To create the instance, apply the resource file in your cluster:
Click to copy
```
kubectl apply -f path/to/my-trace-pipeline.yaml
```

Check that the status of the TracePipeline in your cluster is Ready:

Click to copy

kubectl get logpipeline
NAME              STATUS    AGE
http-backend      Ready     44s

2. Switch the protocol to HTTP

To use the HTTP protocol instead of the default GRPC, use the protocol attribute and ensure that the proper port is configured as part of the endpoint. Typically port 4317 is used for GRPC and port 4318 for HTTP.

Click to copy

apiVersion: telemetry.kyma-project.io/v1alpha1
kind: TracePipeline
metadata:
  name: jaeger
spec:
  output:
    otlp:
      protocol: http
      endpoint:
        value: http://tracing-jaeger-collector.kyma-system.svc.cluster.local:4318

Step 3: Add authentication details

To integrate with external systems, you must configure authentication details. At the moment, only Basic Authentication is supported. A more general token-based authentication will be supported soon.

Click to copy

apiVersion: telemetry.kyma-project.io/v1alpha1
kind: TracePipeline
metadata:
  name: jaeger
spec:
  output:
    otlp:
      endpoint:
        value: http://tracing-jaeger-collector.kyma-system.svc.cluster.local:4317
      authentication:
        basic:
          user:
            value: myUser
          password:
            value: myPwd

Step 4: Add authentication details from Secrets

Integrations into external systems usually require authentication details dealing with sensitive data. To handle that data properly in Secrets, TracePipeline supports the reference of Secrets.

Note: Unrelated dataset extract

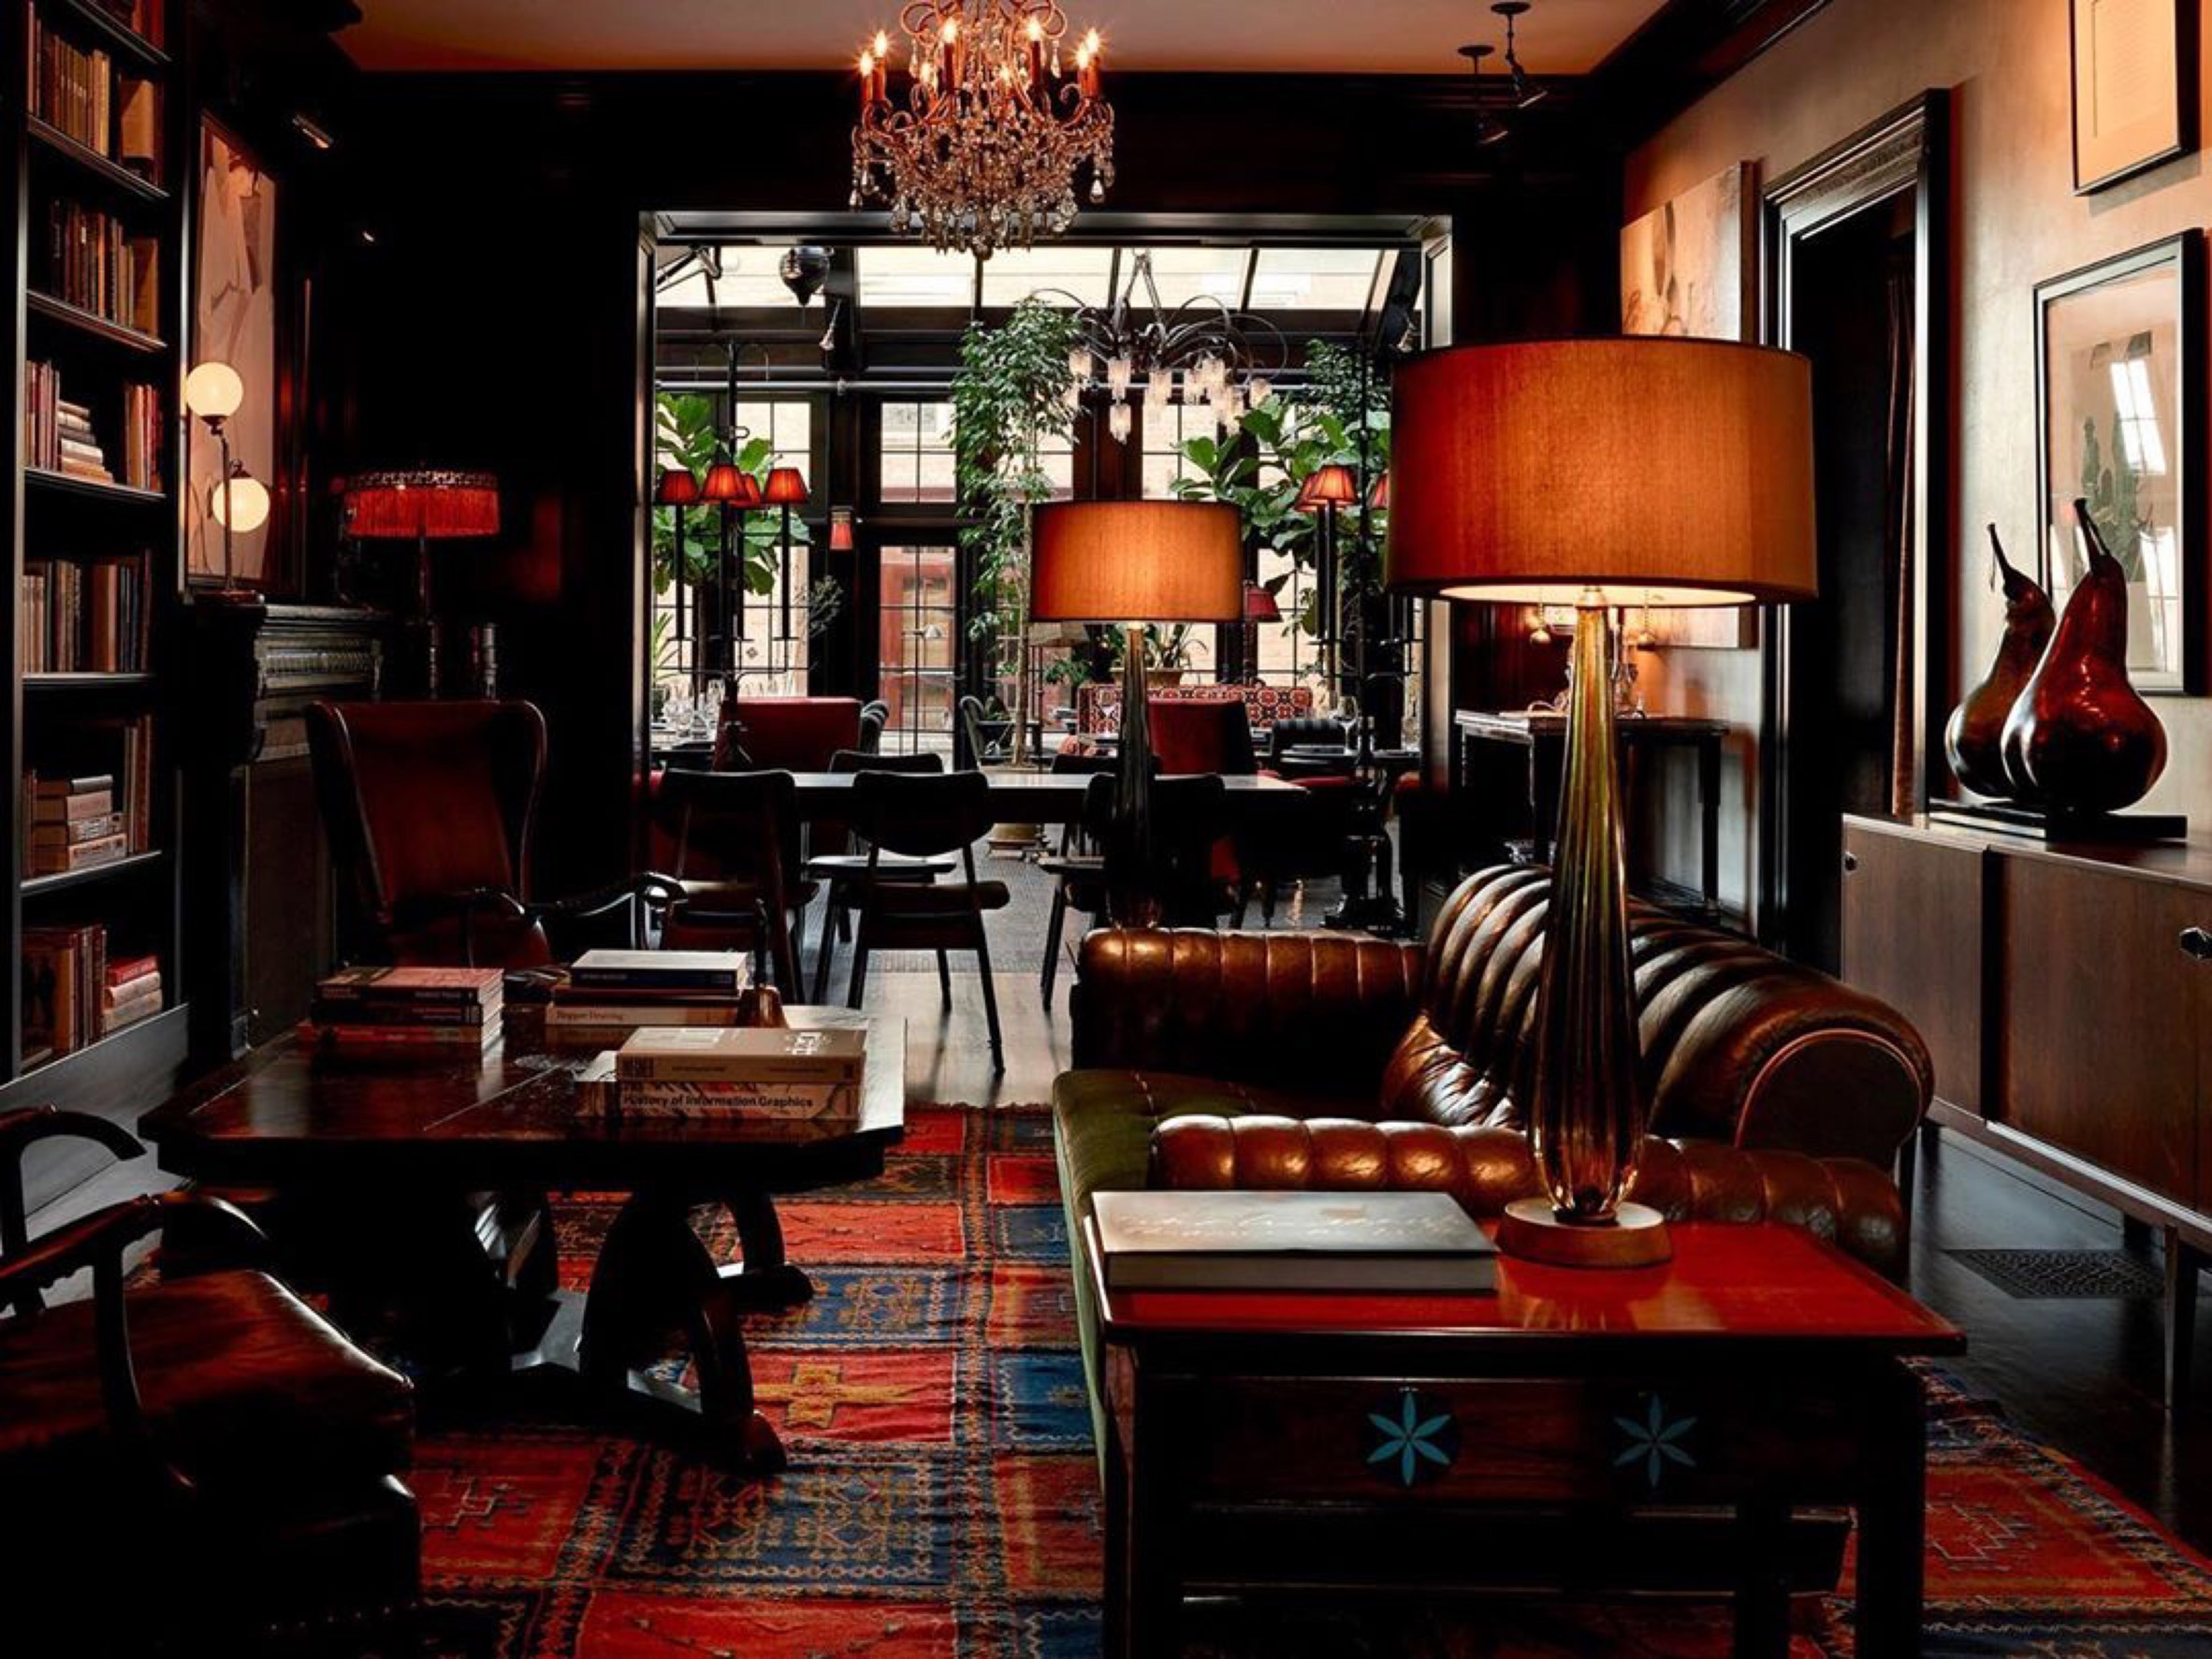 Interiors of The Maker Hotel in Hudson, New York

Use the valueFrom attribute to map Secret keys as in the following example:

Click to copy

apiVersion: telemetry.kyma-project.io/v1alpha1
kind: TracePipeline
metadata:
  name: jaeger
spec:
  output:
    otlp:
      endpoint:
        valueFrom:
            secretKeyRef:
                name: backend
                namespace: default
                key: endpoint
      authentication:
        basic:
          user:
            valueFrom:
              secretKeyRef:
                 name: backend
                 namespace: default
                 key: user
          password:
            valueFrom:
              secretKeyRef:
                 name: backend
                 namespace: default
                 key: password

The related Secret must fulfill the referenced name and Namespace, and contain the mapped key as in the following example:

Click to copy

kind: Secret
apiVersion: v1
metadata:
  name: backend
  namespace: default
stringData:
  endpoint: https://myhost:4317
  user: myUser
  password: XXX

Step 5: Rotate the Secret

As used in the previous step, a Secret referenced with the secretKeyRef construct can be rotated manually or automatically. For automatic rotation, update the Secret's actual values and keep the Secret's keys stable. TracePipeline watches the referenced Secrets and detects changes, so the Secret rotation takes immediate effect. When using a Secret owned by the SAP BTP Operator, you can configure credentialsRotationPolicy with a specific rotationFrequency to achieve an automated rotation.

Limitations

The trace collector setup is designed using the following assumptions:

The collector has no autoscaling options yet and has a limited resource setup of 1 CPU and 1 GiB Memory
Batching is enabled, and a batch will contain up to 512 Spans/batch
An unavailability of a destination must be survived for 5 minutes without direct loss of trace data
An average span consists of 40 attributes with 64 character length

It results in the following limitations:

Throughput

The maximum throughput is 4200 span/sec ~= 15.000.000 spans/hour. If more data needs to be ingested, it can result in a refusal of more data.

Unavailability of output

The destination can be unavailable for up to 5 minutes; a retry for data will be up to 5min, and then data is dropped.

No guaranteed delivery

The used buffers are volatile, and the data can be lost on the otel-collector instance crash.

Single TracePipeline support

Only one TracePipeline resource at a time is supported at the moment.